1. A system capable of speech gap modulation, comprising a processing circuitry and configured to:

(a) receive at least one composite speech portion, the at least one composite speech portion comprising at least one speech portion and at least one dynamic-gap portion,

wherein the at least one speech portion comprising at least one variable-value speech portion,

wherein the at least one dynamic-gap portion associated with a pause in speech;

(b) receive at least synchronization point, wherein the at least one synchronization point is associating a point in time in the at least one composite speech portion and a point in time in an at least one other media portion; and

(c) modulate the at least one dynamic-gap portion, based at least partially on the at least one variable-value speech portion, and on the at least one synchronization point, thereby generating at least one modulated composite speech portion,

thereby facilitating improved synchronization of the at least one modulated composite speech portion and the at least one other media portion at the at least one synchronization point, when combining the at least one other media portion and the audio-format modulated composite speech portion into a synchronized multimedia output.

2. The system of claim 1, wherein the modulation of the least one dynamic-gap portion comprises at least one of increasing gap playback time and decreasing gap playback time associated with the at least one dynamic-gap portion.

3. The system of claim 2, wherein the modulation of the least one dynamic-gap portion comprises determining an estimated speech portion playback time of the at least one variable-value speech portion. 4. The system of claim 3, wherein the determining an estimated speech portion playback time of the at least one variable-value speech portion is based on a machine learning database.

5. The system of any one of claims 2 to 4, wherein the at least one variable-value speech portion comprising at least one variable-value speech field, wherein the estimated speech portion playback time of the at least one variable-value speech portion being based on an estimated speech field playback time of the at least one variable- value speech field.

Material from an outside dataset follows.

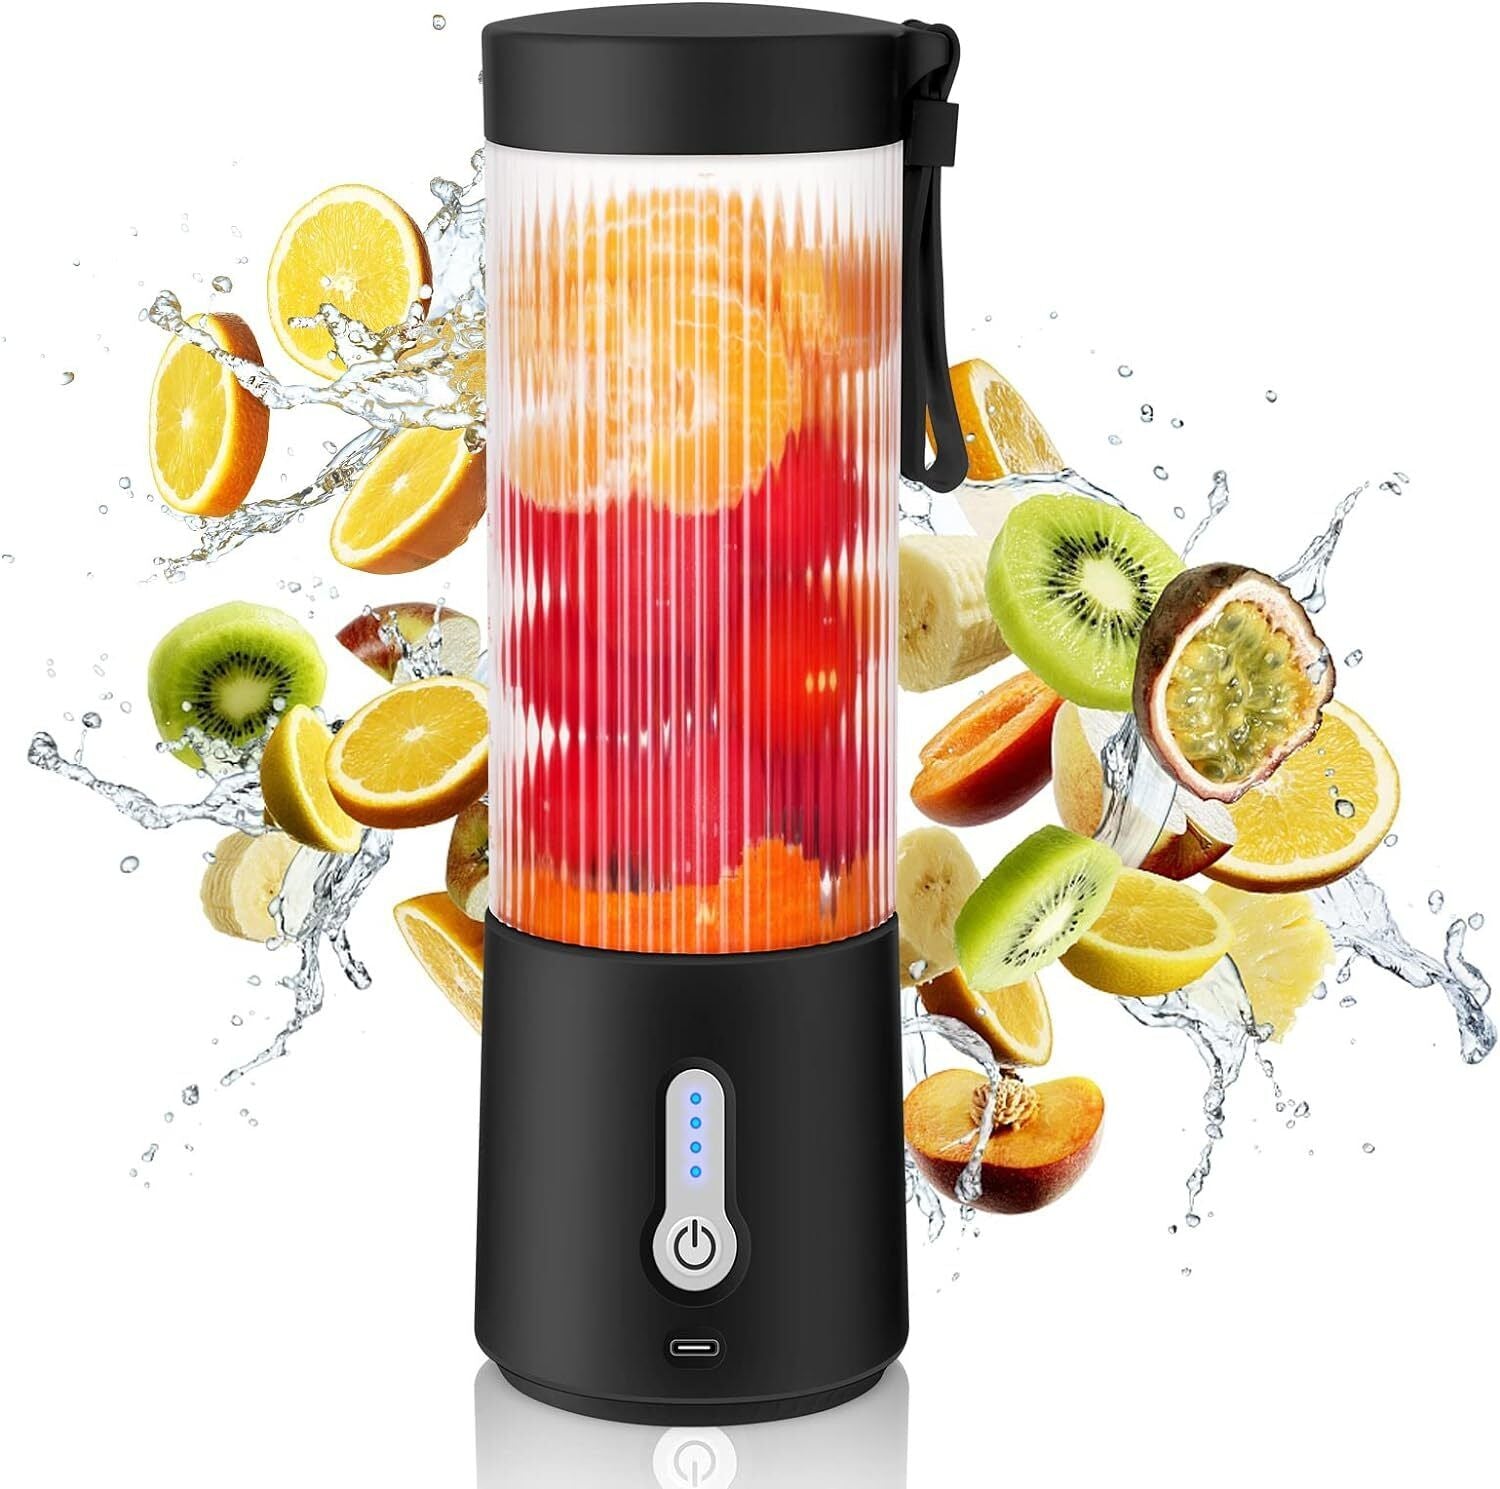 450Ml Portable Blender Juicer Cup, Bpa-Free USB Rechargeable Fruit Smoothie Mixer

6. The system of any one of claims 2 to 5, wherein the decreasing the gap playback time being performed in response to an estimated playback time of a part of the composite speech portion being longer than a corresponding other-media playback time associated with the at least one synchronization point,

wherein the increasing the gap playback time being performed in response to the estimated playback time of the part of the composite speech portion being shorter than the corresponding other-media playback time associated with the at least one synchronization point,

wherein the part of the composite speech portion comprising the at least one variable- value speech portion,

wherein the estimated playback time of the part of the composite speech portion being based on the estimated speech portion playback time of the at least one variable-value speech portion.

7. The system of claims 1 to 6, wherein the at least one speech portion comprising at least one fixed-value speech portion.

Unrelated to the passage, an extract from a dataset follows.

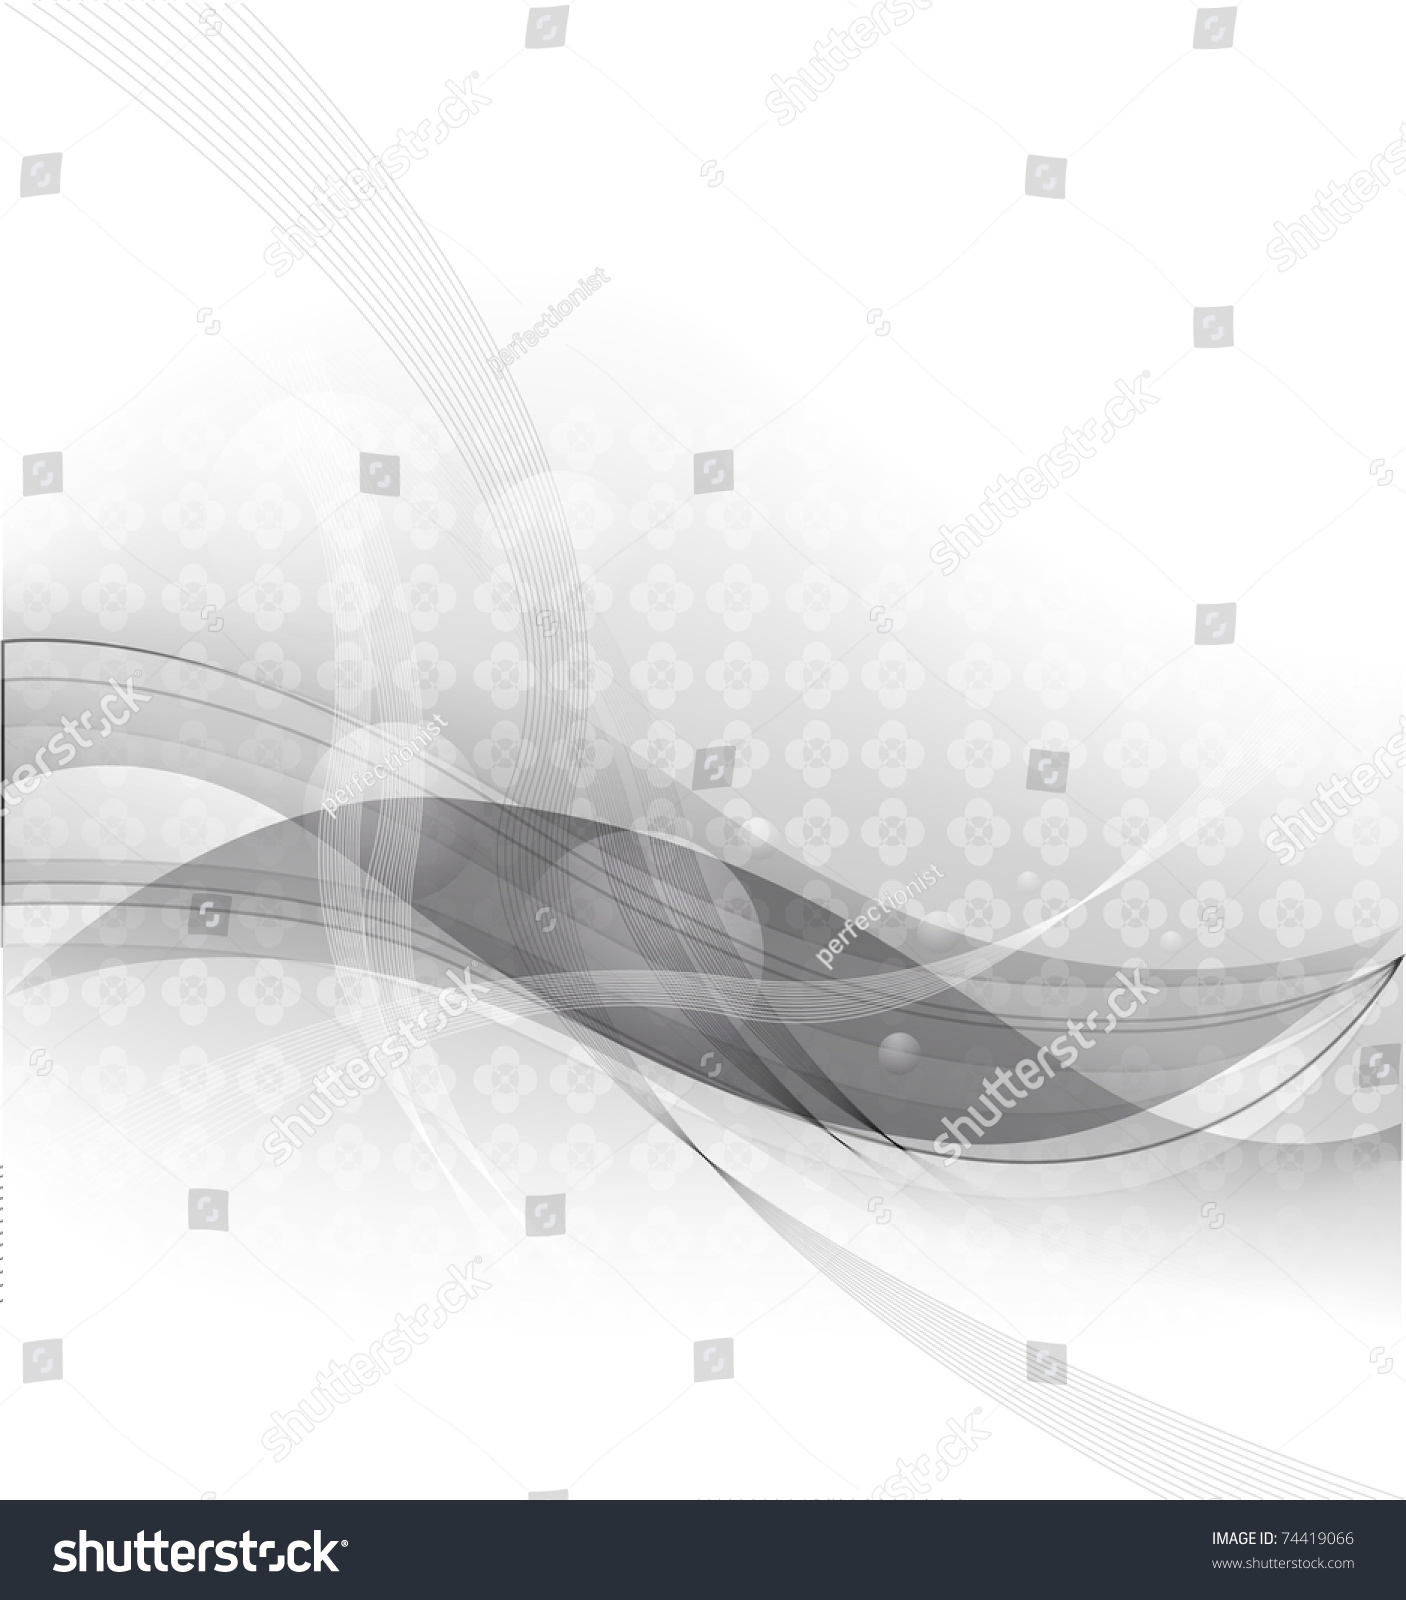 Abstract Vector Background With Gray Stripes - 74419066 : Shutterstock

8. The system of claim 7, wherein the modulation of the least one dynamic-gap portion comprises determining an estimated speech portion playback time of the at least one fixed- value speech portion.

9. The system of claim 8, wherein the determining an estimated speech portion playback time of the at least one fixed- value speech portion is based on a machine learning database. 10. The system of any one of claims 7 to 9, wherein the at least one composite speech portion associated with at least one composite speech portion template, the at least one composite speech portion template defining relative positions of the at least one variable-value speech portion, the at least one fixed-value speech portion and the at least one dynamic-gap portion.

11. The system of claim 10, wherein the at least one composite speech portion template comprises a text template.

12. The system of any one of claims 2 to 11, wherein each dynamic-gap portion of the at least one dynamic-gap portion is associated with a dynamic-gap type, wherein the dynamic-gap type is associated with a minimum gap playback time and a maximum gap playback time, wherein the increasing the gap playback time is limited by the maximum playback time, wherein the decreasing the gap playback time is limited by the minimum playback time.

13. The system of claim 12, wherein the minimum gap playback time, and the maximum gap playback time associated with the dynamic-gap type, are configurable.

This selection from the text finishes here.